# Task
Your task is to write out the entire listing exactly, omitting its pictures.

# Data segment
■ ■ ■ ■ ■ ■ ■

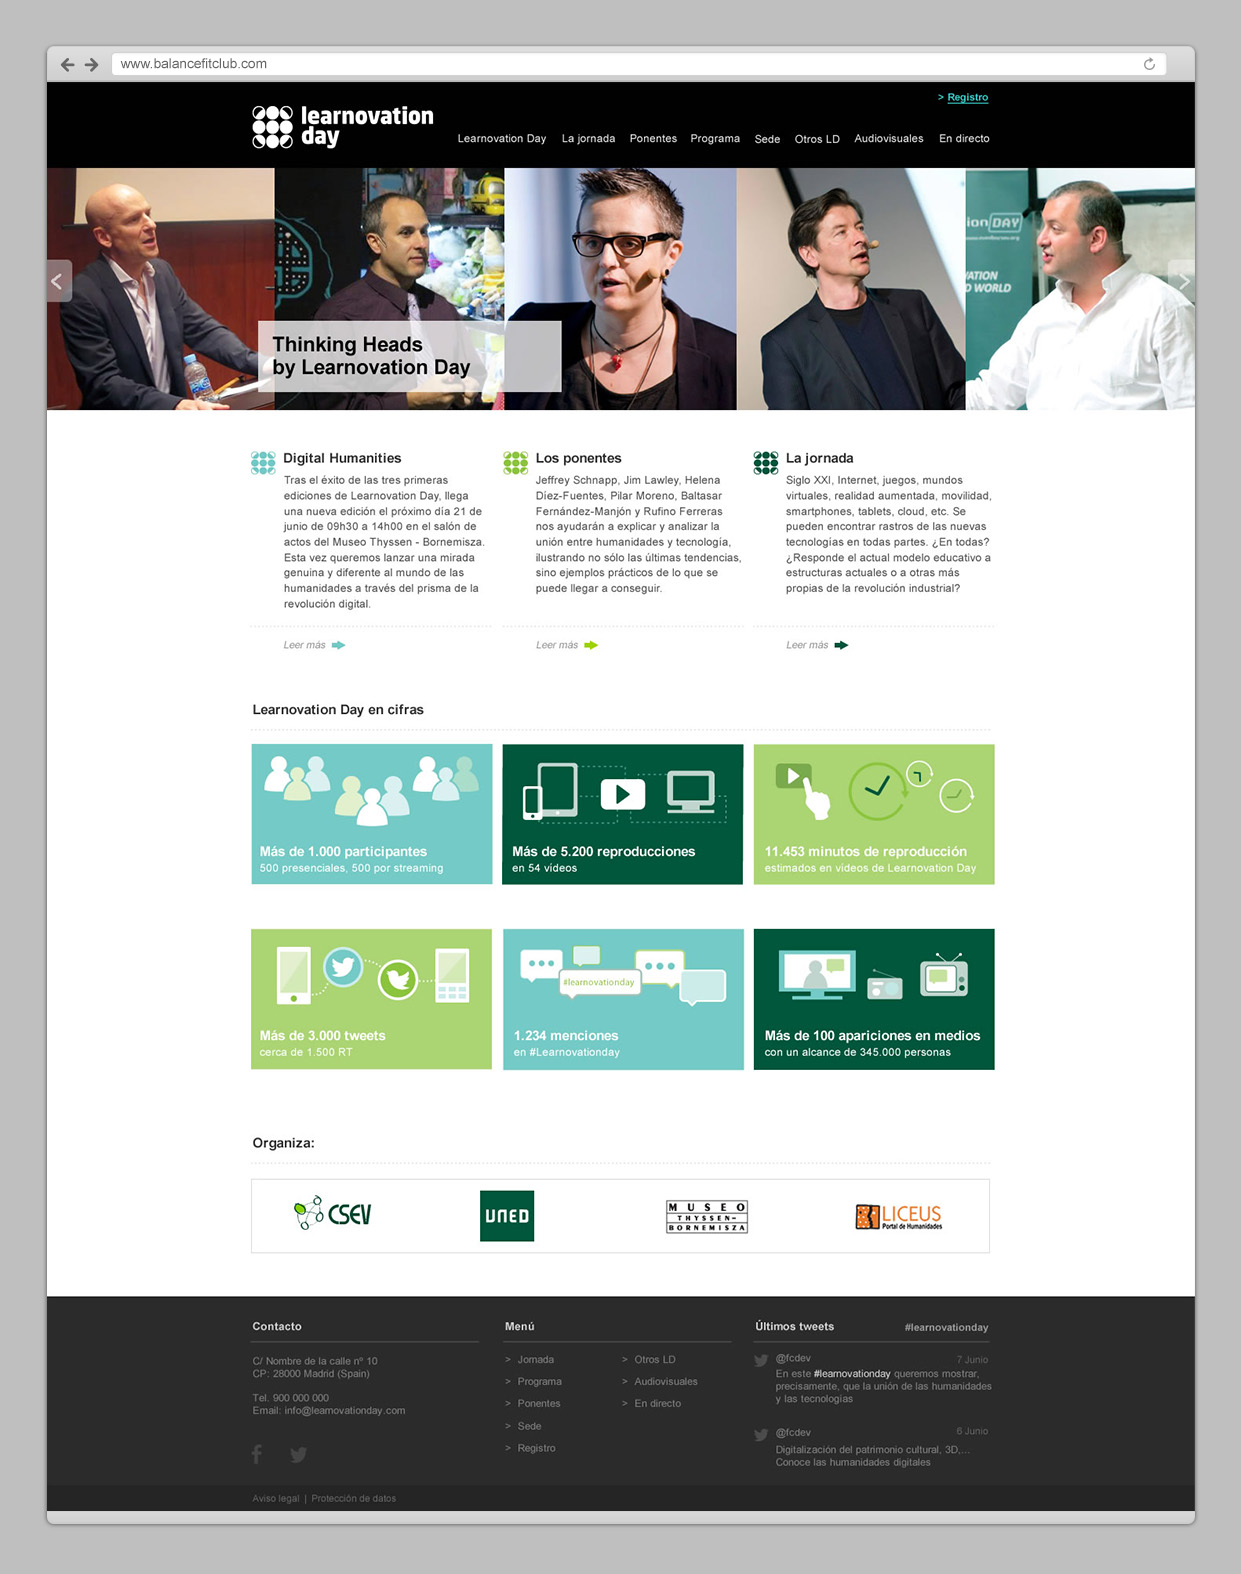 learnovationday_web_03.jpg
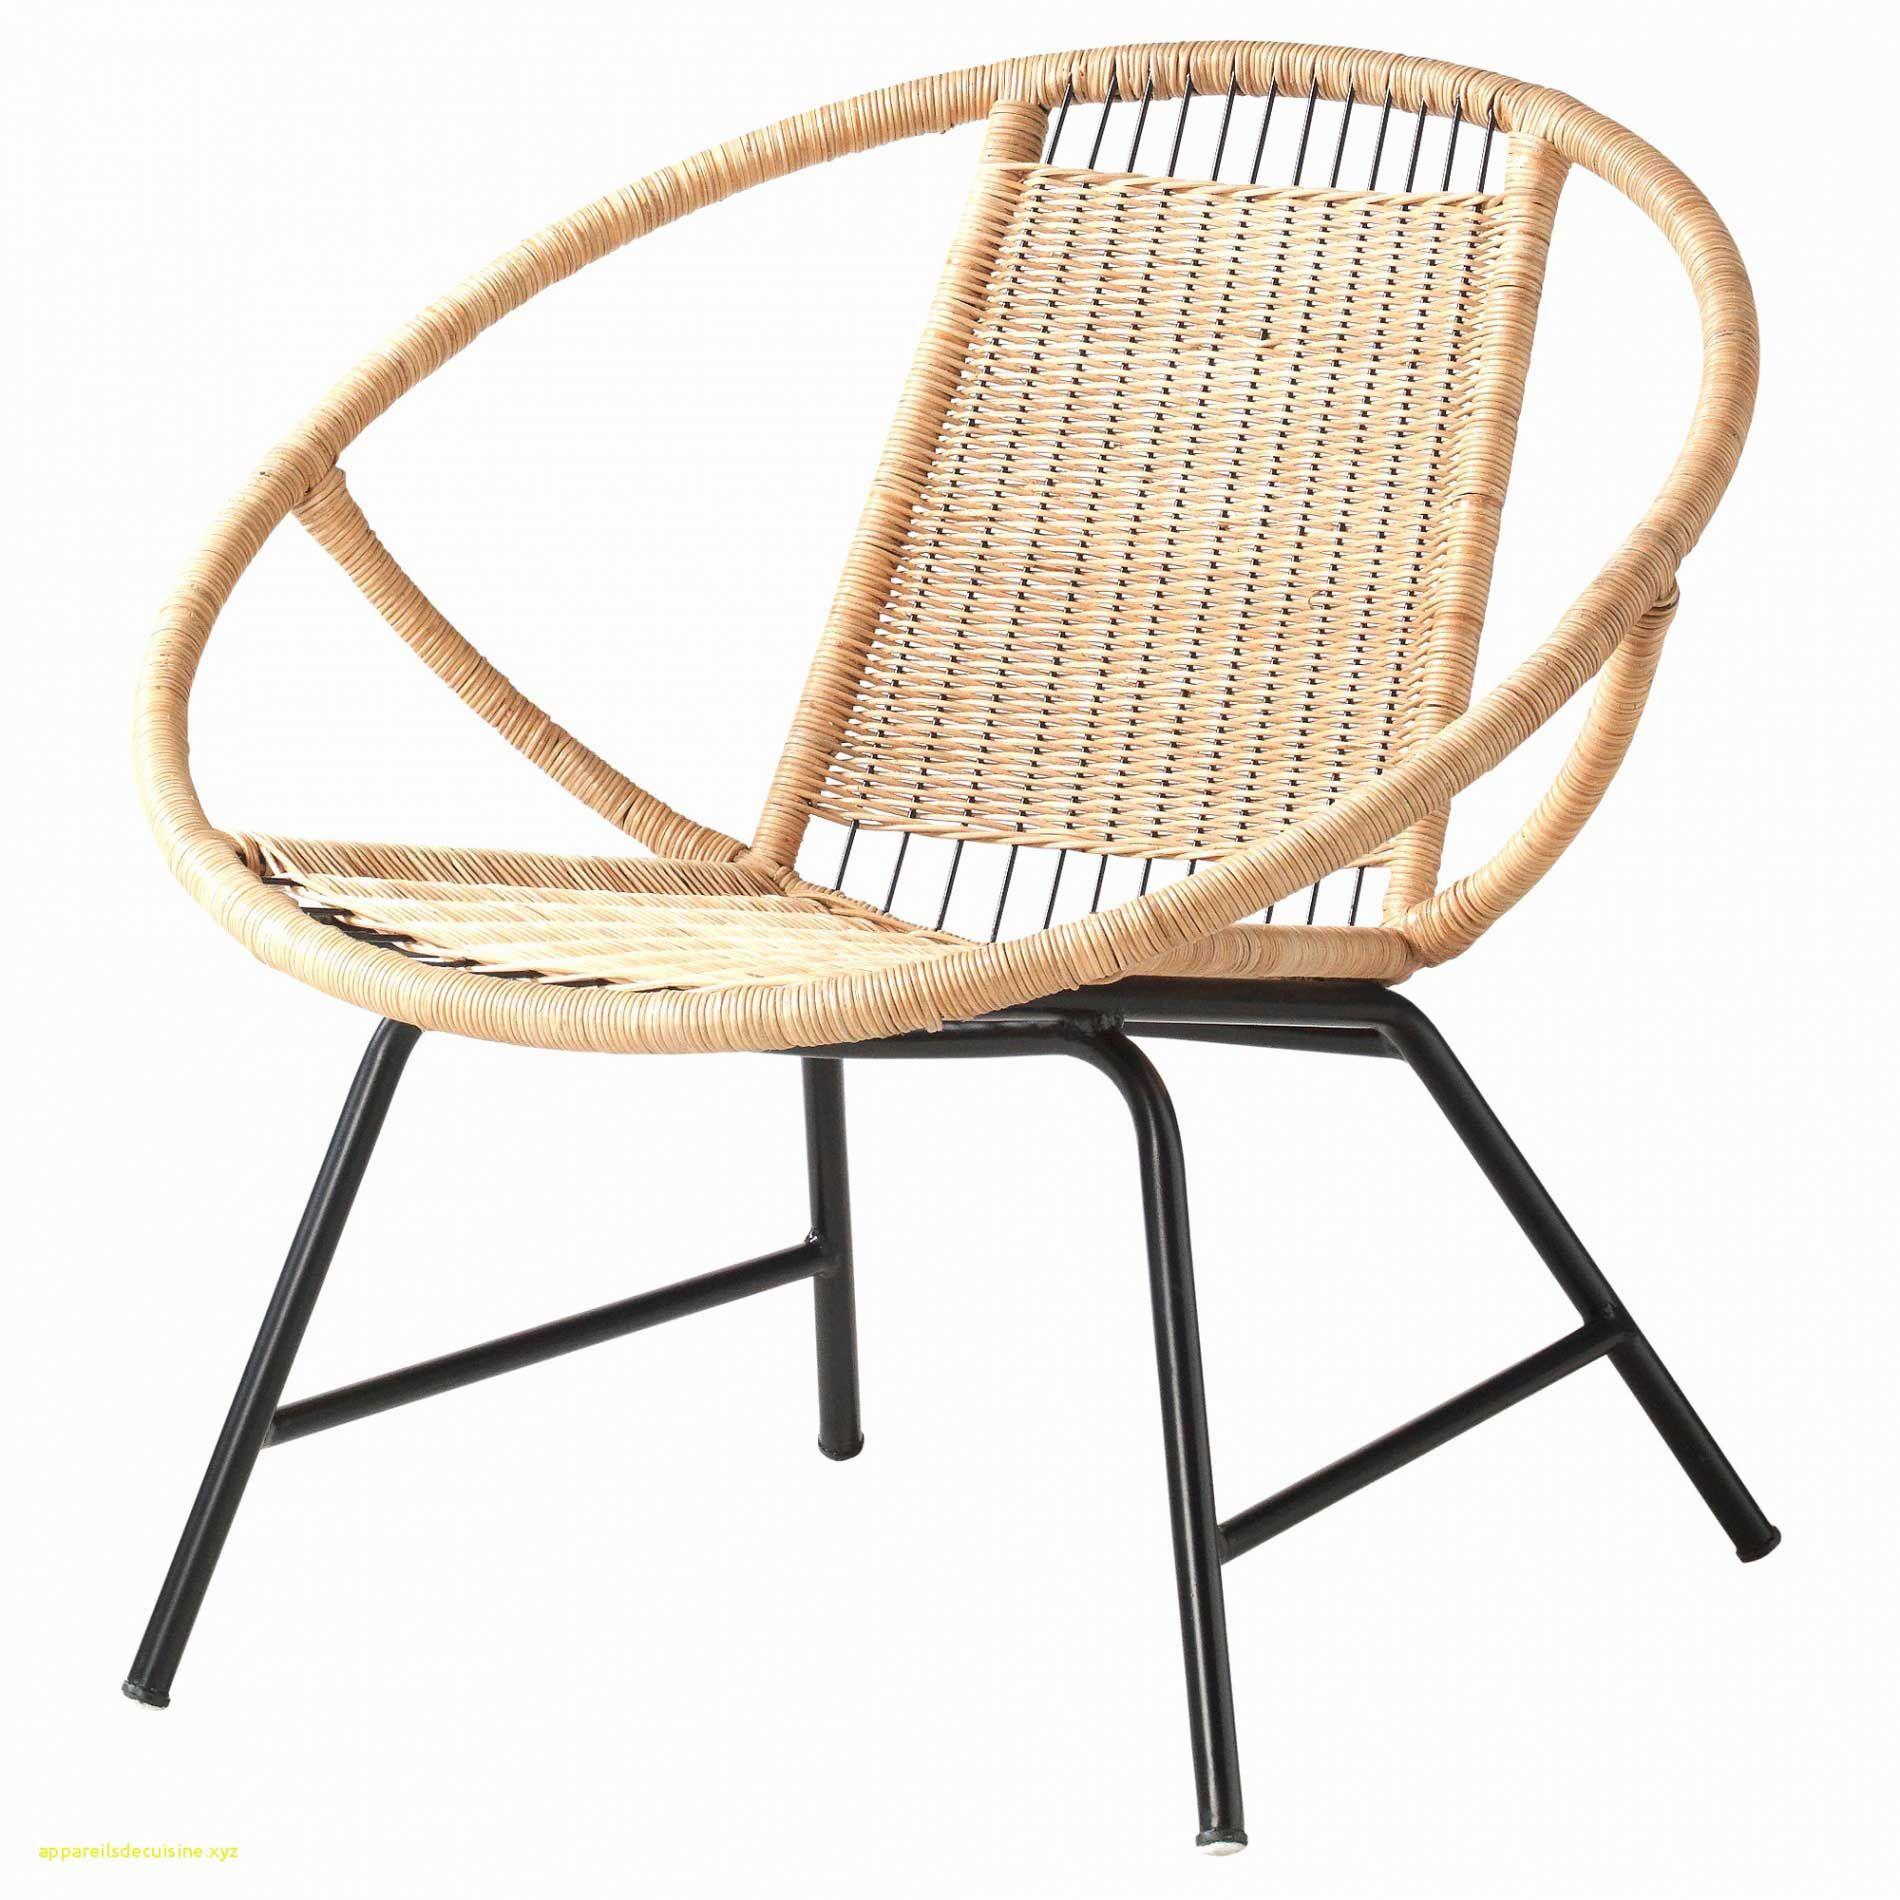 Resultat Superieur Chaise En Rotin Pas Cher Impressionnant 60 Fauteuil Osier Blanc Fauteuil O In 2020 Rattan Chair Rattan Armchair Chair
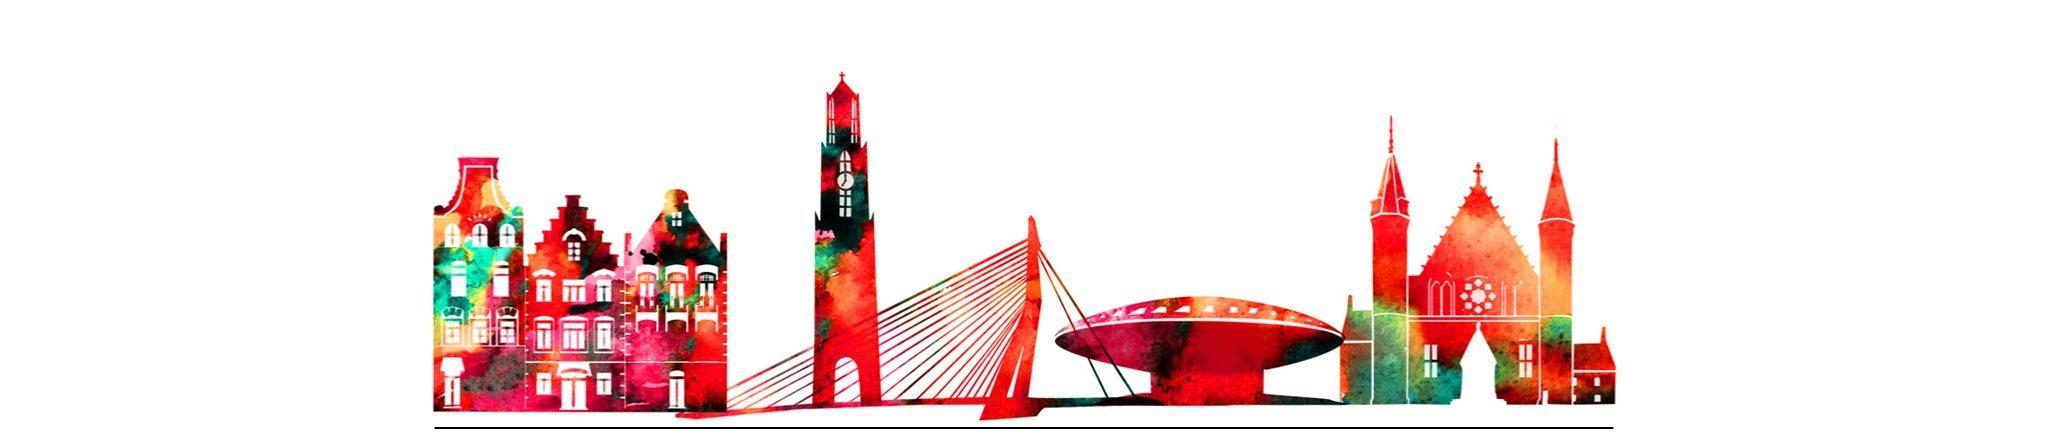 Cursus Grafisch ontwerp Art City

■ ■ ■ ■ ■ ■ ■

# Reply
 learnovationday_web_03.jpg
 Resultat Superieur Chaise En Rotin Pas Cher Impressionnant 60 Fauteuil Osier Blanc Fauteuil O In 2020 Rattan Chair Rattan Armchair Chair
 Cursus Grafisch ontwerp Art City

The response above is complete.